Since her legs were not long and strong enough to distance all pursuit, Destry calmly sat down on a stump and considered the problem gravely, unhurriedly. There was only one salvation, and that was in his own mind.
He could, for instance, nest himself somewhere among the rocks and open fire pointblank on them, when they came struggling up the slope within the range of his rifle, but he knew that he who kills is bound to be killed. Moreover, even if he dropped two or three of them, enough would remain to keep him there under observation; and more men, more horses, were sure to come up from the rear. Aware of this, Destry lighted a second smoke, and with the first whiff of it, he saw the thing that he should do.
He went down the slope at the calmest of walks, therefore, and crossed the little bridge with the mare at his heels. The water had now risen until some of the spray dashed continually upon it and got the surface of the floor boards slippery with wet, yet Fiddle went over with a dainty step and stood at last on the farther side with her fine head raised and turned back toward the ridge of l
and they had just crossed, as though she knew that danger was coming up behind them.
Destry led her on up the steep way that twisted snakelike among the rocks above. When she was safely upon the shoulder of the table land that appeared here, he put her behind a nest of pines and went back to the edge of the plateau. The bridge was now a hundred feet directly beneath him, and over the ridge which he had just passed tipped the pursuit— six riders, six horses, one rushing behind the other, and their shout of triumph at the view of him went faintly roaring down the wind to Destry’s ears.
There were masses of detached boulders lying about, fallen from the upper reaches of the high ground, and one of these monsters he rolled end over end, until its three hundred pounds pitched over the verge, landed not a foot from the bridge, and burst like a shell exploding.
Another great shout went up from the pursuers, but Destry had learned how to find the range and he heaved another boulder to the brink with perfect confidence, regardless of the shots which the six were pumping at him. Bullets fired from the saddle on a galloping horse are rarely more dangerous than a flight of wild sparrows. He carefully deliberated, then heaved the stone over.

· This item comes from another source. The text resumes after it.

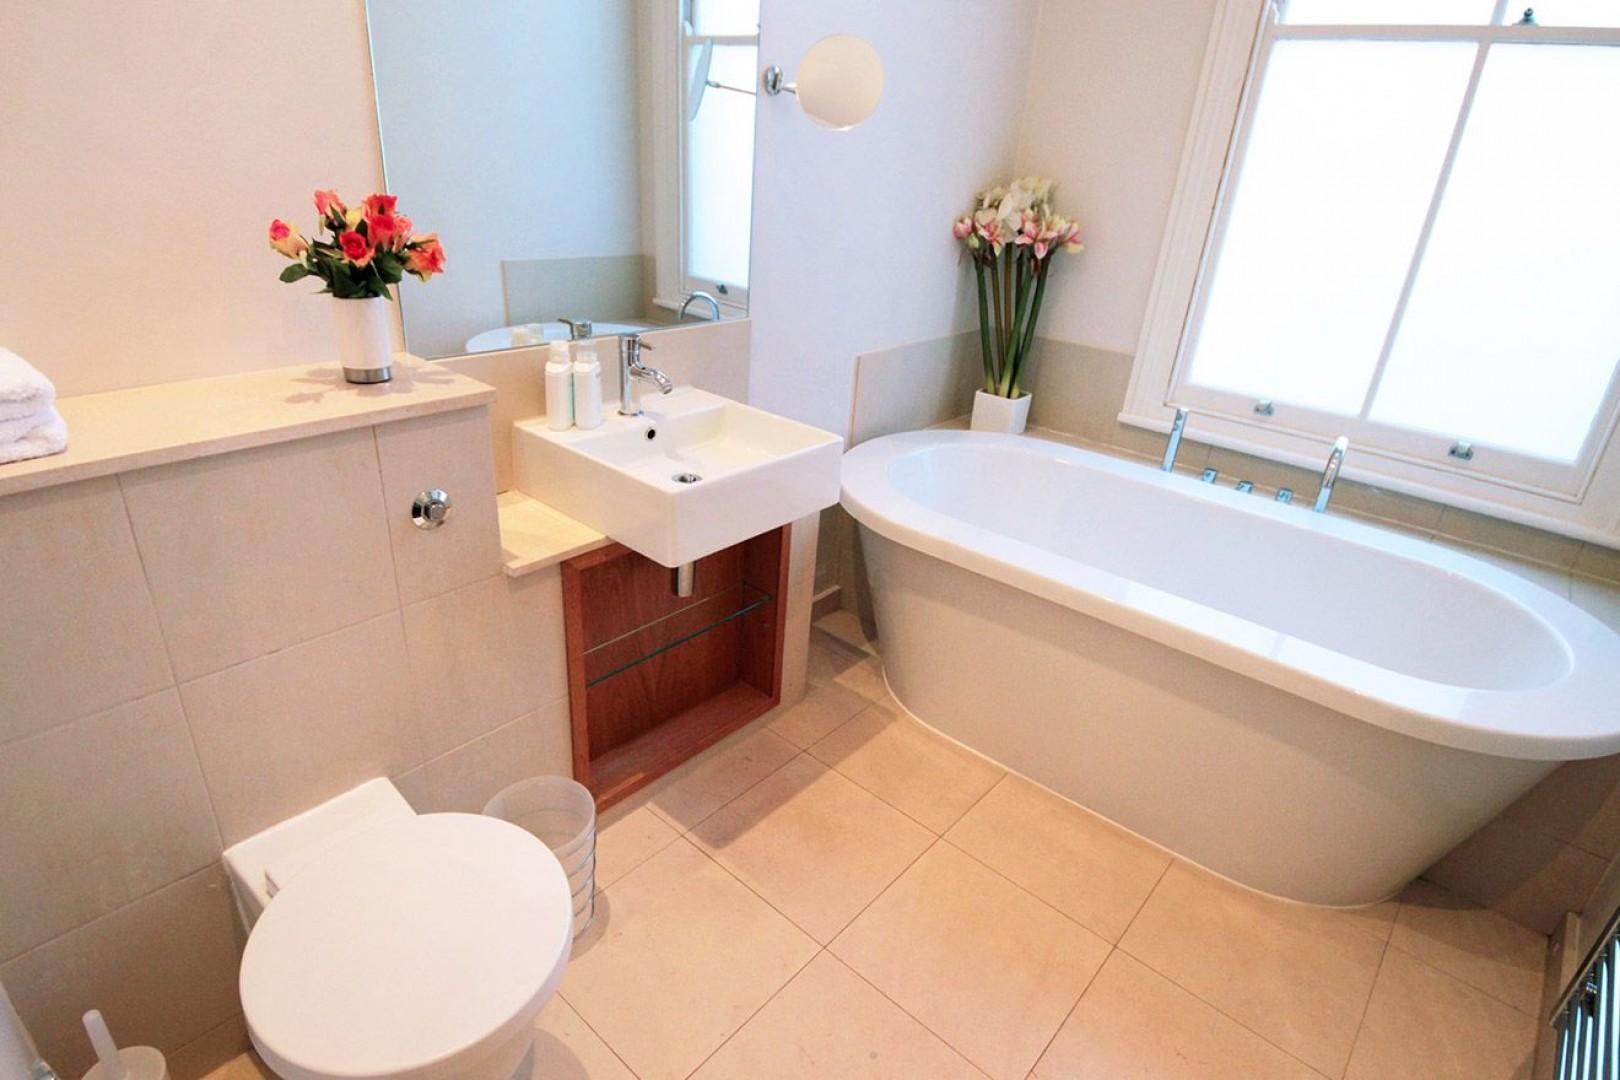 En suite bathroom with bathtub, toilet and sink

This one, falling more sheer, struck a projecting rock-face half way in its descent, and glanced outward. Almost in the center of the bridge it struck, and broke the back of that frail structure as though it were built of straw. The water completed the ruin. The bridge seemed to rise with muddy arms, and in a trice all the timbers had been wrenched from their lodgment and carried swiftly down the water.
So the link was broken between Destry and the six.
He waved his hat to their shaken fists and brandished guns, then returned to the mare and rode her at a walk through the pines, up to the crest, where he appeared again, faintly outlined against the sky, then dipped from view beyond. He was in no slightest hurry.
At the first runlet which crossed his way, he refreshed Fiddle by sluicing water over her stomach and legs, and letting her have a few mouthfuls of grass; then he loosened the cinches and went on, walking in front of her, while she followed grazing here and there, then trotting to catch up with him—sometimes galloping a quarter of a mile ahead, and there pausing to feed greedily, until he came again.